Le secteur minier congolais est une nouvelle fois confronté à ses vieux démons. À Punia, dans la province du Maniema, un conteneur chargé de 19 tonnes de minerais et destiné à la société MMR a été saisi alors qu’il tentait de quitter la zone d’exploitation en toute illégalité, ont confirmé des sources locales et administratives.
Selon les informations recueillies, le chargement ne disposait ni des documents requis du Centre d’Expertise, d’Évaluation et de Certification (CEEC) ni de l’enregistrement à l’ITRI. De plus, l’entreprise MMR ne détenait ni accord d’achat ni licence pour exercer le commerce de minerais dans le Maniema, en violation manifeste de la législation minière en vigueur.

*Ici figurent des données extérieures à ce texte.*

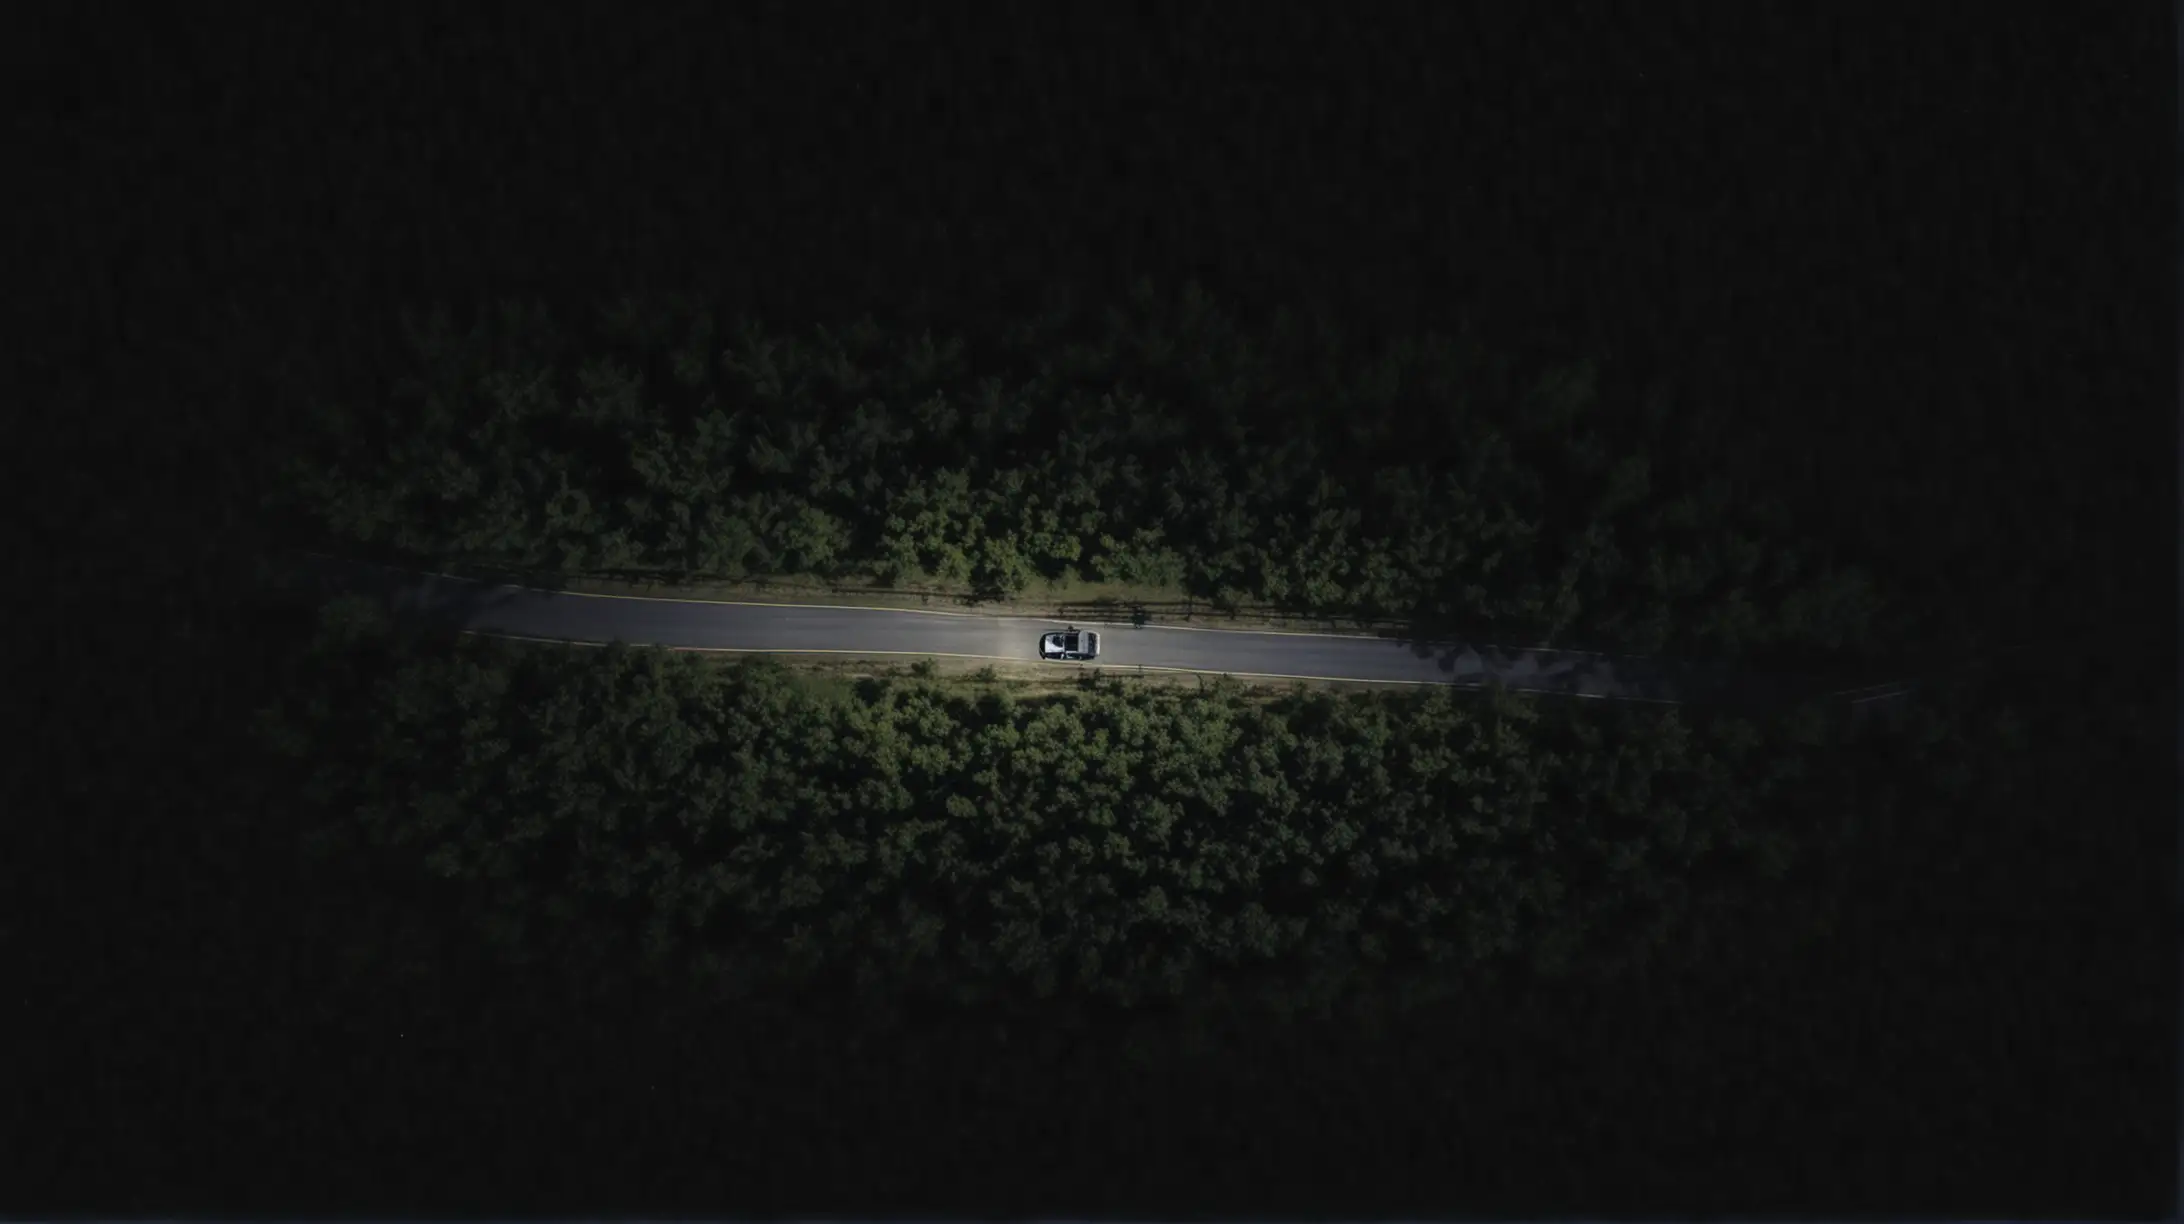 Generate a very high-angle overhead shot of a vehicle traveling down a dark, winding, rural southern road at night.
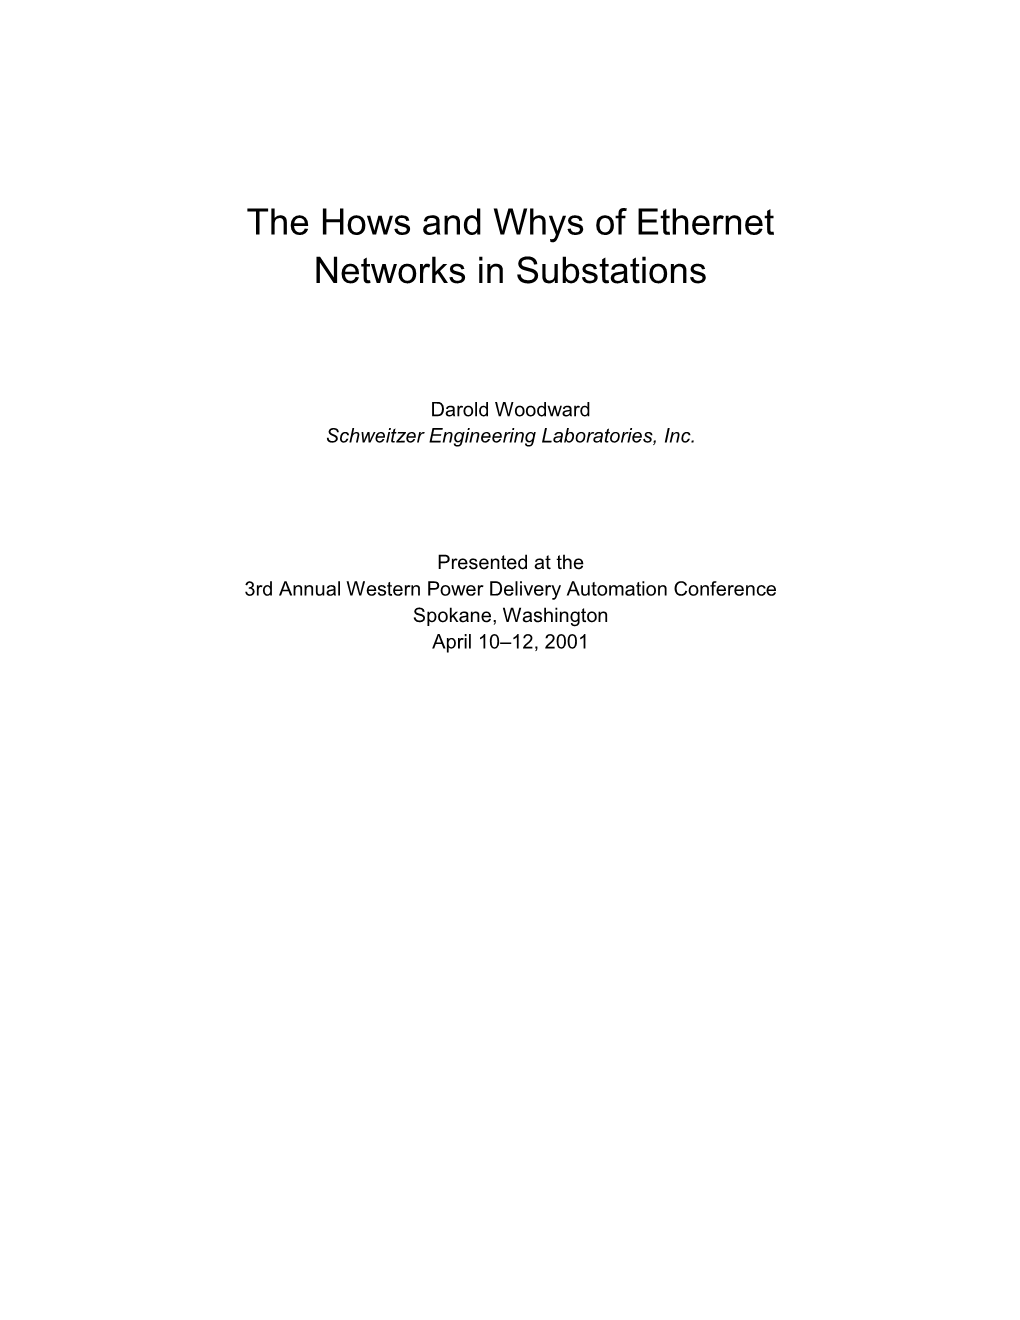 The Hows and Whys of Ethernet Networks in Substations

Pressions et enjeux politiques
Alors que le gouvernement s’efforce d’assainir le secteur, des pressions exercées par certaines autorités pour obtenir la libération du conteneur viennent compliquer l’affaire. Cette situation illustre l’ampleur des défis auxquels fait face l’exécutif pour imposer la transparence et mettre fin aux pratiques frauduleuses.
Pourtant, le 7 janvier 2025, le gouvernement avait annoncé la création d’une commission indépendante chargée de lutter contre la fraude minière, répondant ainsi aux préoccupations exprimées par le président Félix Tshisekedi sur les activités illégales dans les sites d’exploitation.
Un signal fort contre la fraude
Cette saisie représente non seulement une perte fiscale importante pour l’État, mais également un test de crédibilité pour les autorités congolaises. Elle rappelle l’urgence de renforcer les mécanismes de contrôle, d’appliquer la loi de manière impartiale et de promouvoir des pratiques minières durables et conformes aux normes.
En déjouant cette tentative de contrebande, les autorités locales envoient un message clair aux contrebandiers : la République démocratique du Congo entend défendre ses richesses et protéger ses intérêts face aux trafics illicites.